Join algorithms
Joinalgorithmen are possible strategies ( algorithms ) for the implementation of joins .
The optimal strategy depends on the size and structure of the relations involved in the join, the indices used or usable , the size of the main memory and the type of join (natural join, θ-join or equi-join).
Nested loop join
All tuples from the relation are selected one after the other and compared with each tuple from the relation .

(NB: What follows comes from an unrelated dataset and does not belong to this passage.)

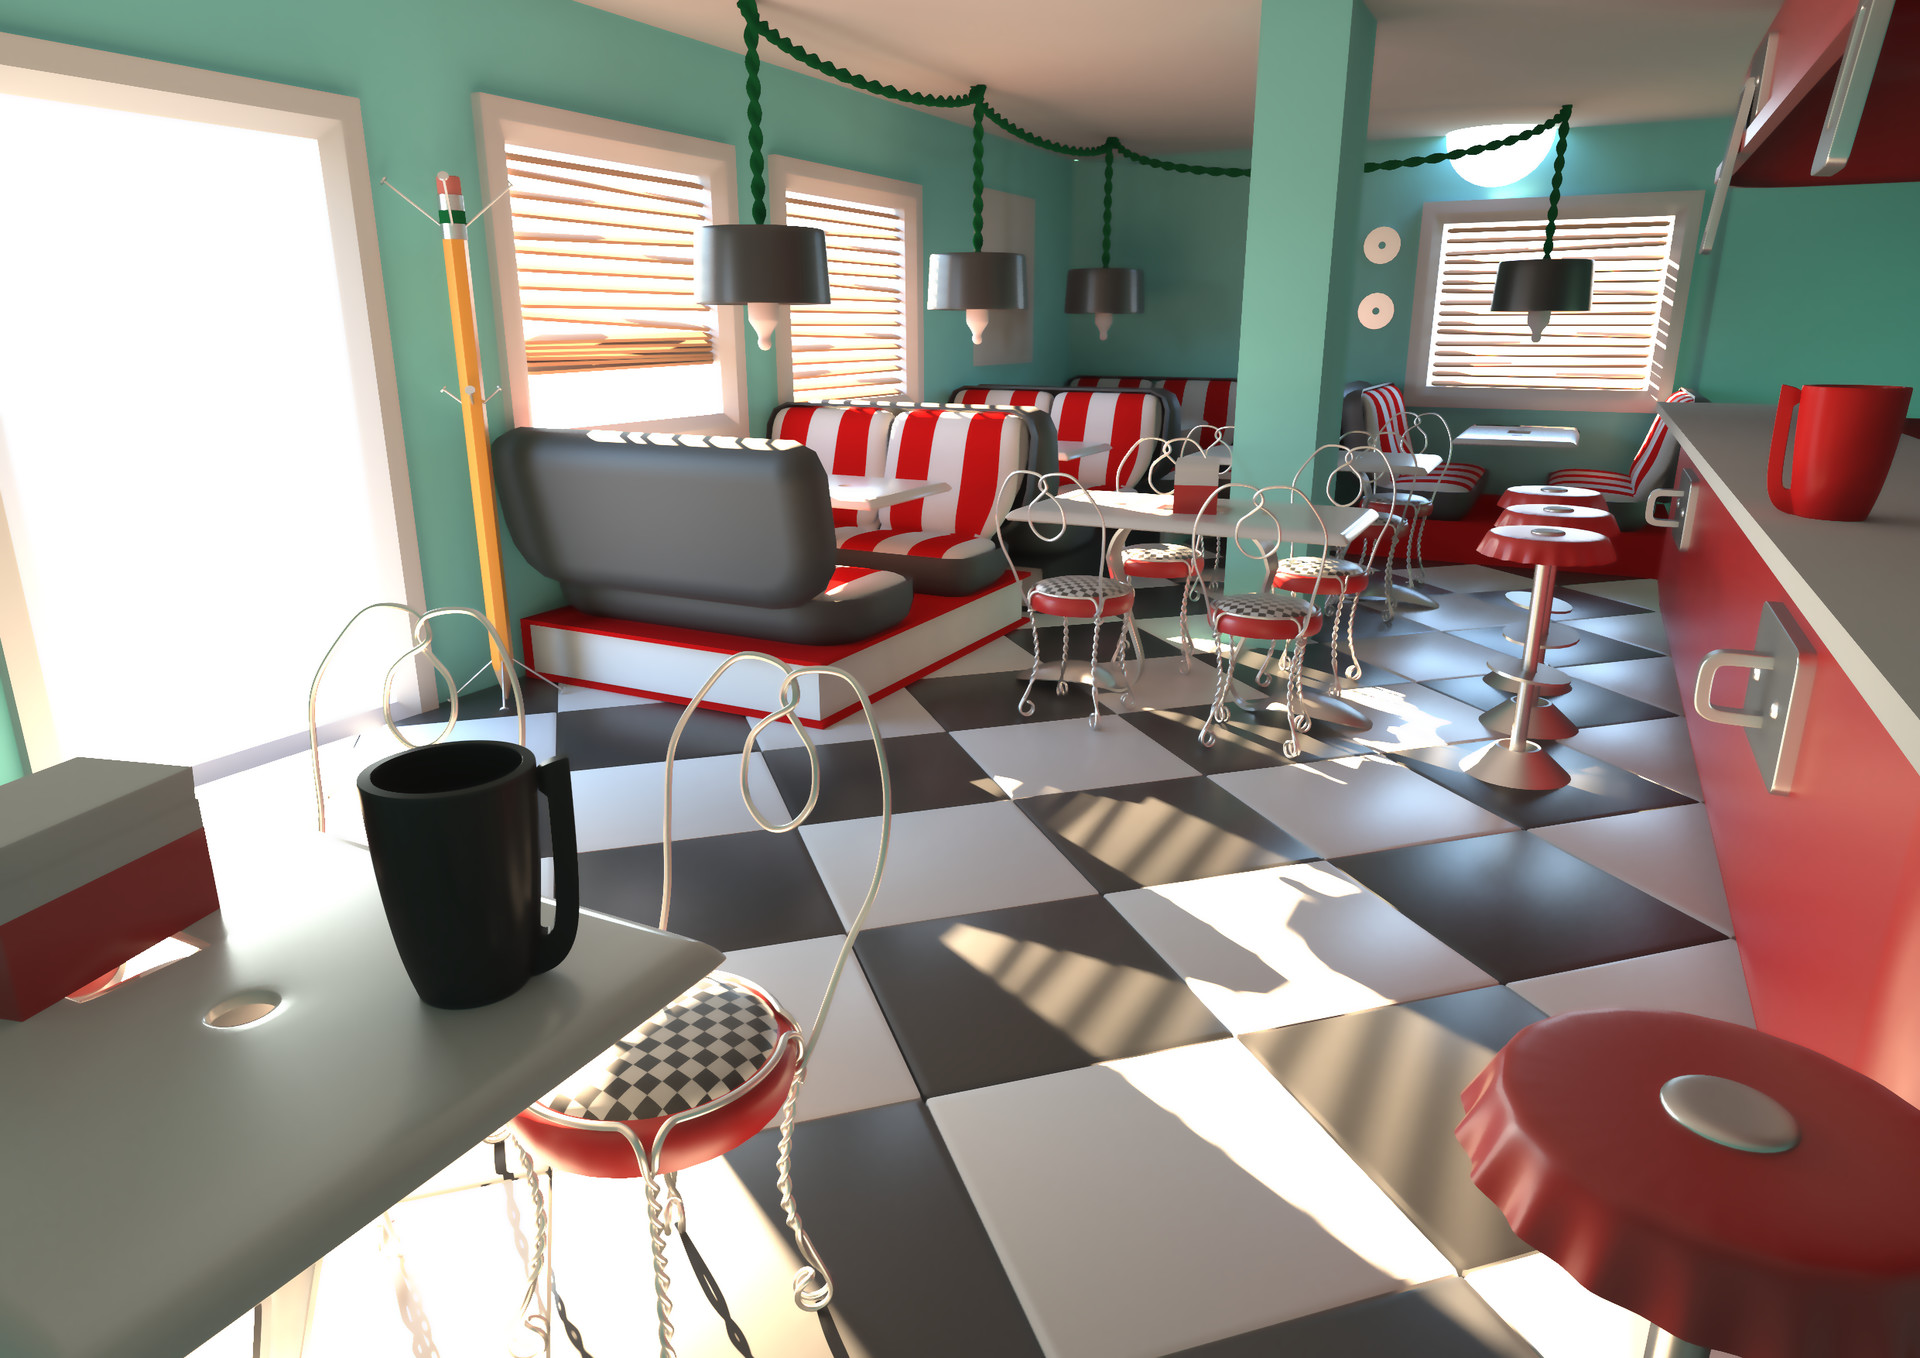 Diner scene - 3D Render in 3DS Max with V-Ray

The algorithm is suitable for every join and can be extended to several relations.
Pseudocode
Implementation of with as an outer relation and as an inner relation in pseudocode :
foreach r in R do
foreach s in S do
if r.a = s.b do
⇒ Ausgabe von (r,s)
endif
end foreach
end foreach
rating
Since all tuples are linked in the cross product , there is a computational effort of .
The number of blocks to be read is in the worst case , since for each tuple in R all blocks of S are reloaded. If both relations fit into the memory, then blocks have to be read for this best case . If one of the relations fits completely into the memory, it is selected as the inner relation, otherwise it makes more sense to choose the smaller relation as the outer relation.
variants
With the index nested loop join , existing or created indexes are compared. The number of block accesses then depends on the size and structure of the index structures.
Block nested loop join
In the event that both relations and do not fit into main memory, a block-by-block comparison improves the nested loop join.

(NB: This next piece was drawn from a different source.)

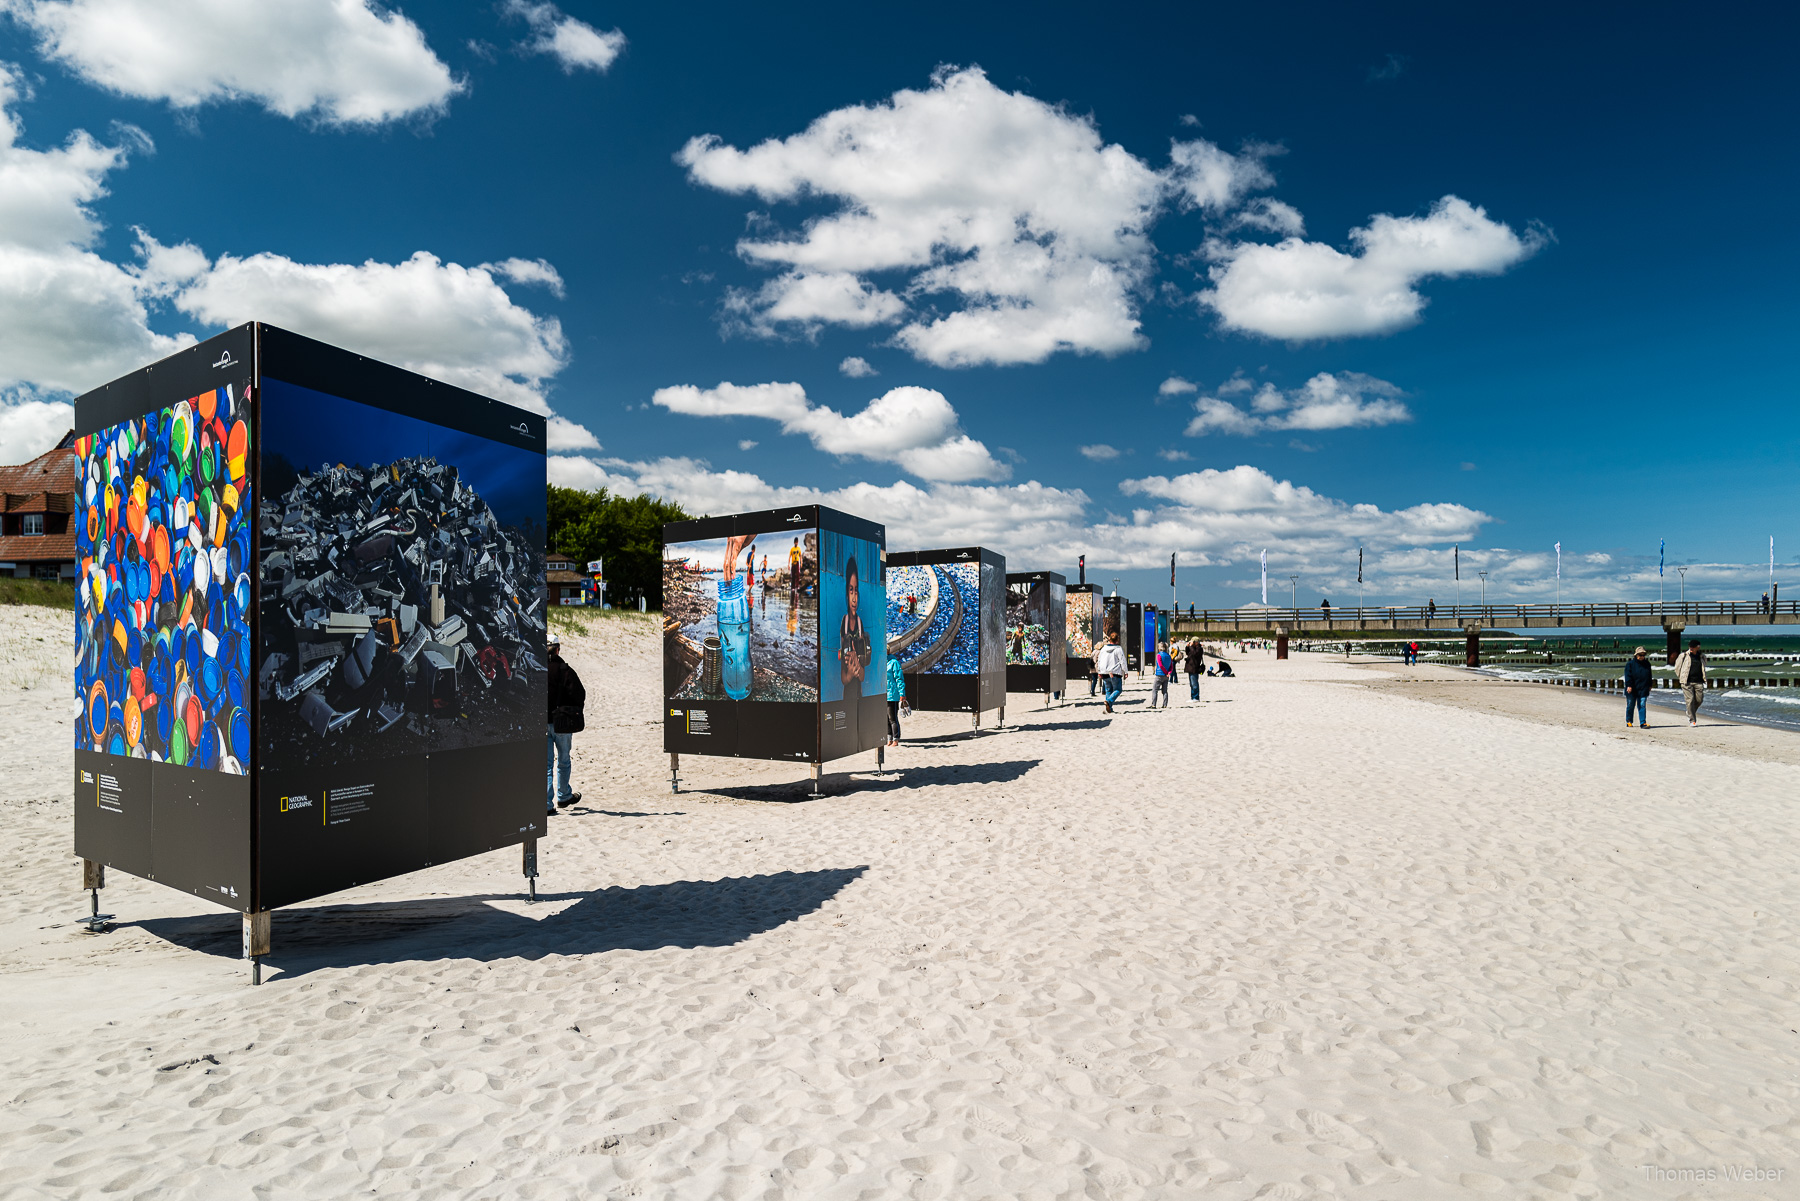 Umweltfotofestival 'horizonte zingst' 2019 an der Ostsee, Fotograf Thomas Weber aus Oldenburg

The algorithm is suitable for any join.
Pseudocode
Implementation of in pseudocode :
foreach Block_r in R do
foreach Block_s in S do
foreach r in Block_r do
foreach s in Block_s do
if r.a = s.a do
⇒ Ausgabe von (r,s)
endif
end foreach
end foreach
end foreach
end foreach
rating
As for the nested loop join, there is complexity .

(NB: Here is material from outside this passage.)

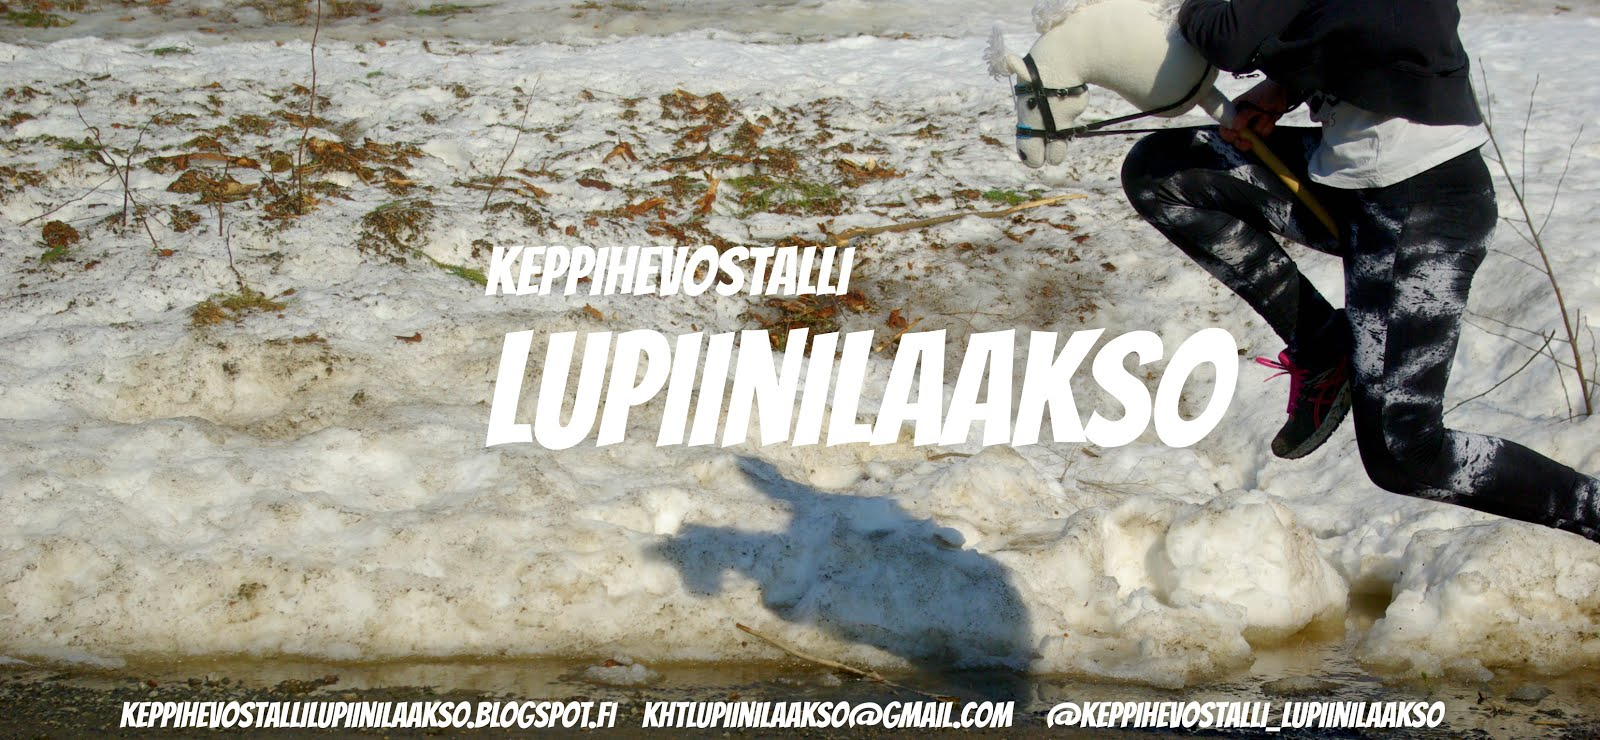 Keppihevostalli Lupiinilaakso

The number of blocks to be read is in the worst case , in the best case .
variants
If both relations do not fit in the main memory, as many blocks as possible are loaded into the main memory from the outer relation. This reduces the number of block accesses to the inner relation.
Sort-merge join
Both relations are sorted according to their join attributes. The result can then be calculated with a single scan through both sorted relations.
The algorithm is only suitable for natural join and equi-join.
Pseudocode
Implementation of in pseudocode :
pr := erstes Tupel in R ps := erstes Tupel in S while pr ≠ endofR and ps ≠ endofS do // Sammeln aller Tupel mit gleichen Joinattributen aus S Ms := Menge mit Inhalt ps foreach ts in S > ps if ts.a = ps.a Ms += Menge mit Inhalt ts elseif ps := ts break foreach endif end foreach // suche passendes Anfangstupel in R foreach tr in R > pr pr = tr if tr.a ≥ ts.a break foreach endif end foreach // Tupel ausgeben foreach tr in R > pr if tr.a > ts.a break foreach endif foreach ts in Ms ⇒ Ausgabe von (tr,ts) end foreach pr = tr end foreach end while
rating
The number of block accesses for sorting is in the worst case , analogous for .
variants
If indexes exist, they can be used to get the sorted join attributes. When reading out the tuples, the random distribution can lead to block accesses in the worst case .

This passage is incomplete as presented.